Median household income in America has declined an average of 6% nationwide, from 1999 to 2005:

In Olathe, Kansas, the average price for a new home has doubled in the past five years, while median household income in Kansas has dropped 9.8%. Rents are now climbing as well.

Compounding this dismal picture, the value of a dollar declined by 15% from 1999 to 2005.

But there is another aspect to this financial woe being faced by so many, and that is: China. Already, major construction projects are facing delays and cost overruns, because they are now competing with China for concrete and steel. In less than two years, from June 2003 to April 2005, the price of steel doubled. Prices for copper, gypsum, plywood, and lumber are also significantly higher, and lead times for material delivery has jumped to eight months (from three).

It is obvious that this creates havoc with the construction industry, but we might want to think about what’s next: in our much-vaunted globalized economy, how long will it be until the “Chinese competition” story will instead be about food?

China’s game plan is obvious to anyone willing to exercise some foresight. They have already bought America, lock, stock, and barrel; the only question is when they will choose to call in their paper debt, money that will be used to outcompete us in every conceivable market until we are, for all intents and purposes, a third world nation, exporting only raw materials to the rest of the world, and scrabbling around to feed our populace (or not).

Already we are a nation that has forgotten how to manufacture goods. We have destroyed our own factories, and sold all our machine tool knowledge to others, with the mistaken belief that we can ride on our wealthy laurels from here on out. What will happen if we suddenly need to amp up production of warships, as we did in WWII? We don’t even have the steelmaking capacity for the enterprise.

But the real tragedy is our loss of manufacturing skill, our abandonment of the apprenticeship system of teaching the trades to the next generation. We have made the assumption that we can buy our way into prosperity, but then we turned around and sold our future to the highest bidder, and that bidder was, mostly China. We “purchased” $243.5 billion of goods from China in 2005, and sold them just $41.9 billion, sending them a net of $201.5 billion in just one year.

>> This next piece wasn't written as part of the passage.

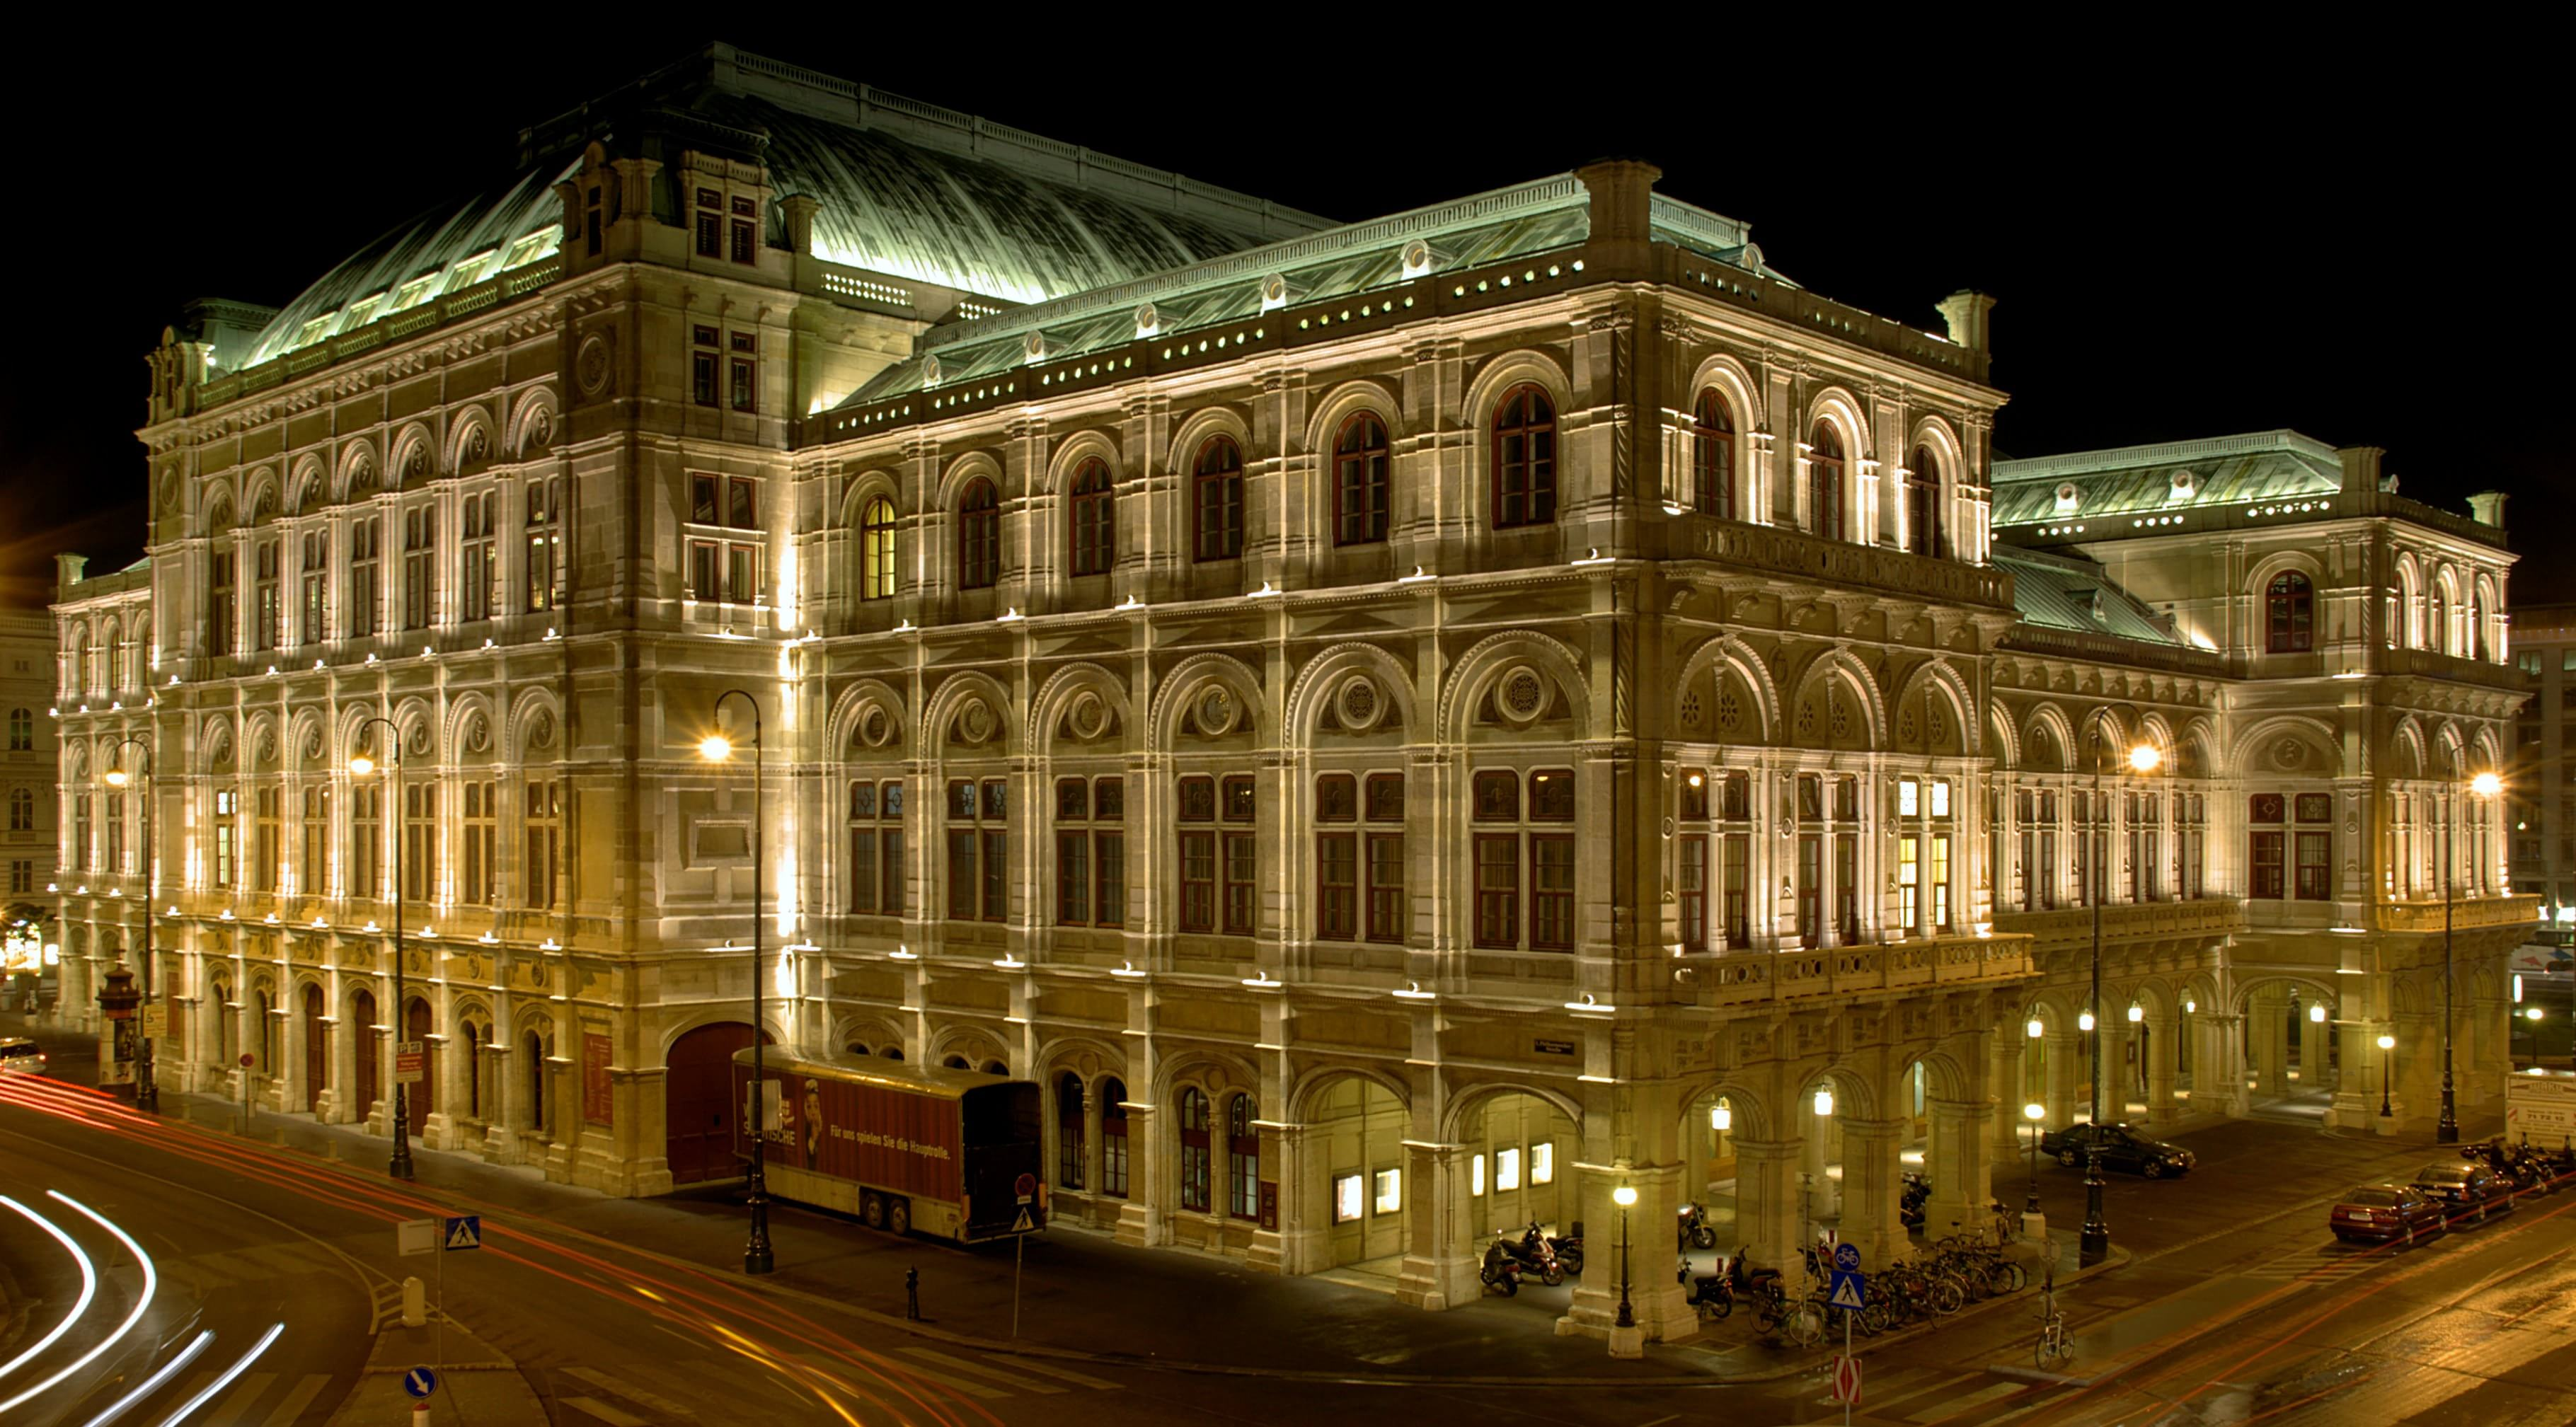 Opera-Viena-viaje-sorpresa-wishandfly

China is not the biggest holder of America’s indebtedness - Japan is - but China presently holds about $323.5 billion of our total $1.886 trillion debt, or about 17.2% of the total. “At the end of 2004, foreign holdings of Treasury debt were $1.886 trillion, which was 44% of the total debt” and that number has continued to climb. We are in hock up to our ears, but what we are ignoring is the effect that this will have on prices, and our personal ability to purchase both essentials and luxuries when we can so easily be outcompeted by other, non-debtor, nations.

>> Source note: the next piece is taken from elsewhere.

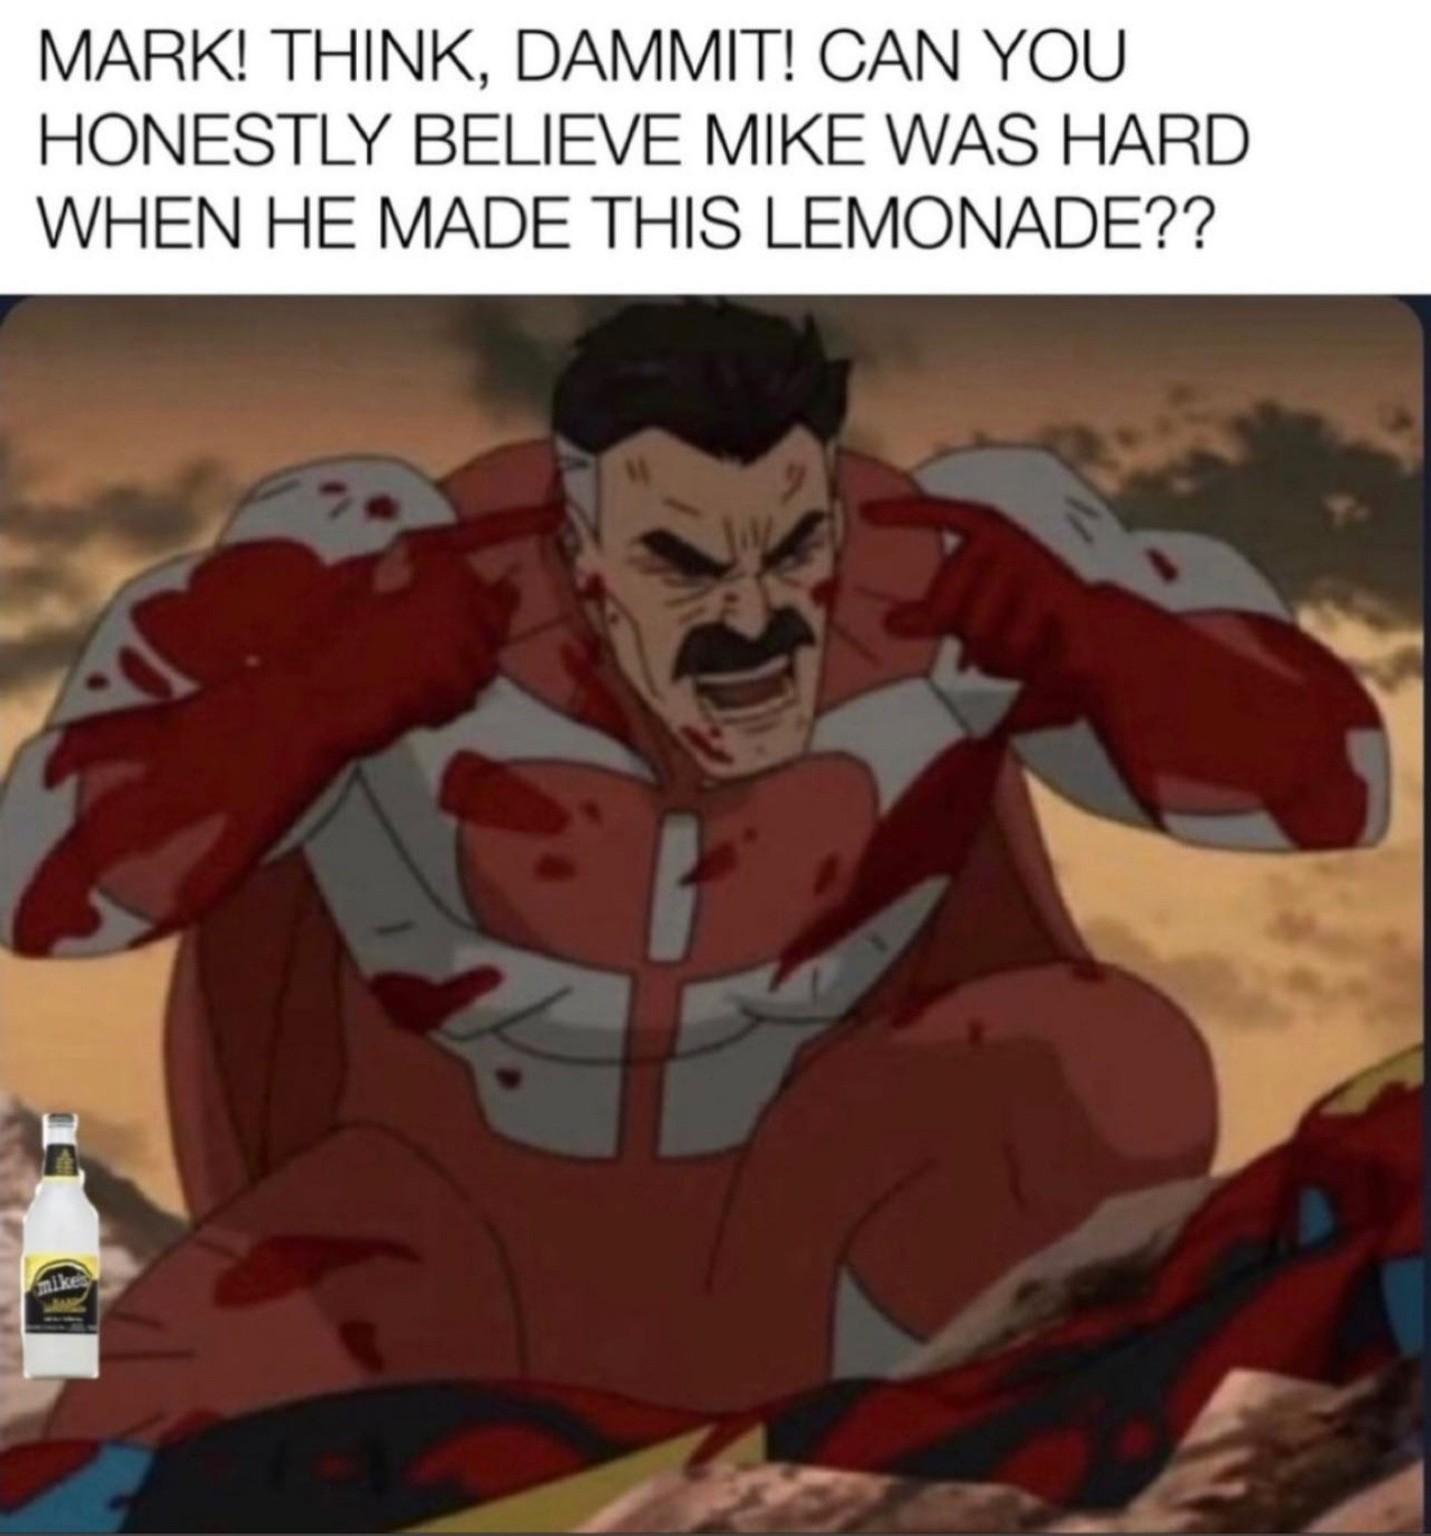 Hope he was - meme

And just to top off this tale of woe, consider the fact that in this country it is perfectly legal for foreign nationals to buy any and all real property of their choosing. This is not the case in most countries, but in the U.S., American citizens who are facing the economic squeeze caused by corporate and governmental monetary policies are also having to compete with wealthy investors who are citizens of those countries where we are sending all of our nation’s money. It doesn’t take a doctorate in economic theory to comprehend the price pressures that result from these policies, and their impact on real estate prices here.

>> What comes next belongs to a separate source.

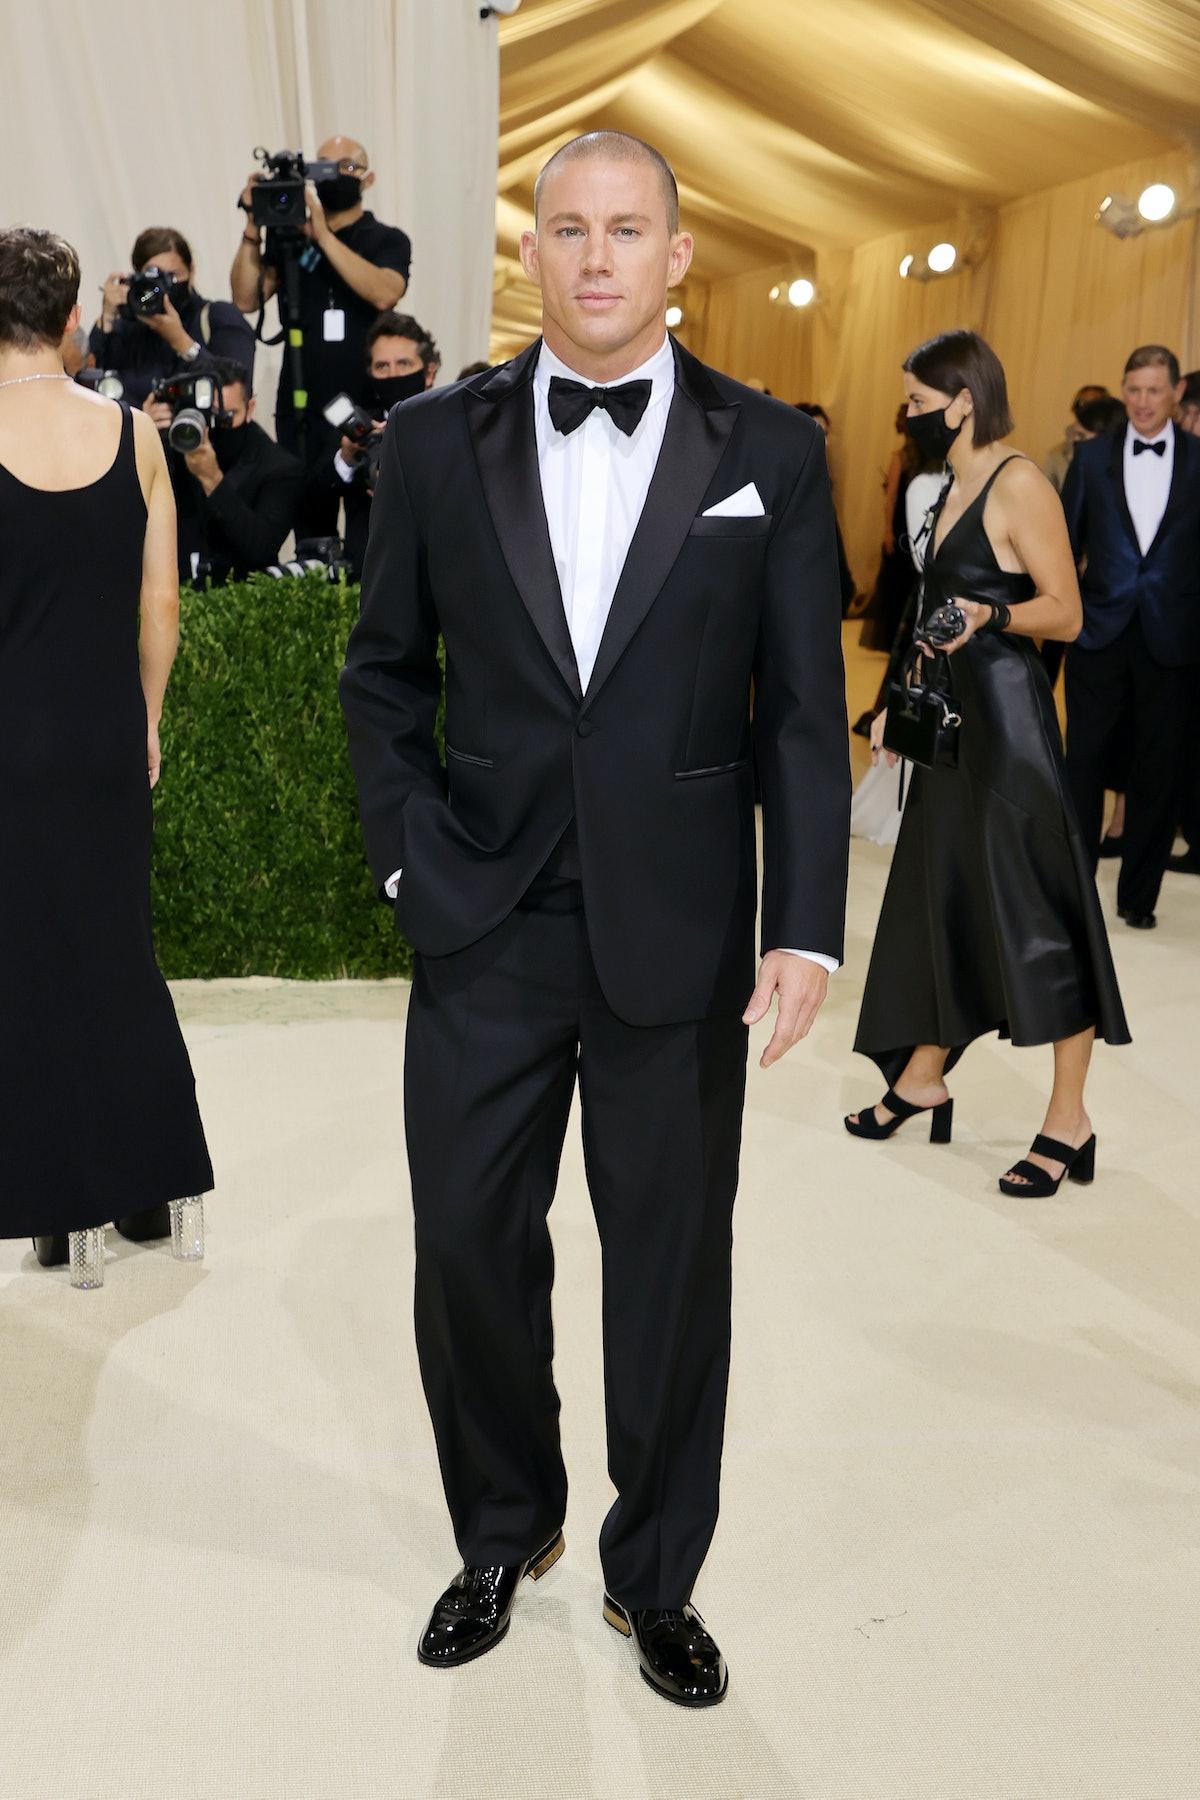 NEW YORK, NEW YORK - SEPTEMBER 13: Channing Tatum attends The 2021 Met Gala Celebrating In America: ...

In fact, I think that the possession of an economics doctorate might just hinder one’s comprehension of the big picture of what is being done to our country by policies that favor corporate interests, which are defined by law to be entirely self-serving of the corporation without a second glance to what is good for the citizens or the country, and by policies that favor successful investment over any kind of productive enterprise.

All we are watching are the results of several decades of globalization policy coming home to roost. We really should be paying attention, because what use to us are liberty or freedom (what’s left to us following Bush’s gutting of the Constitution, that is) when we can’t take care of our basic physical needs of food and shelter?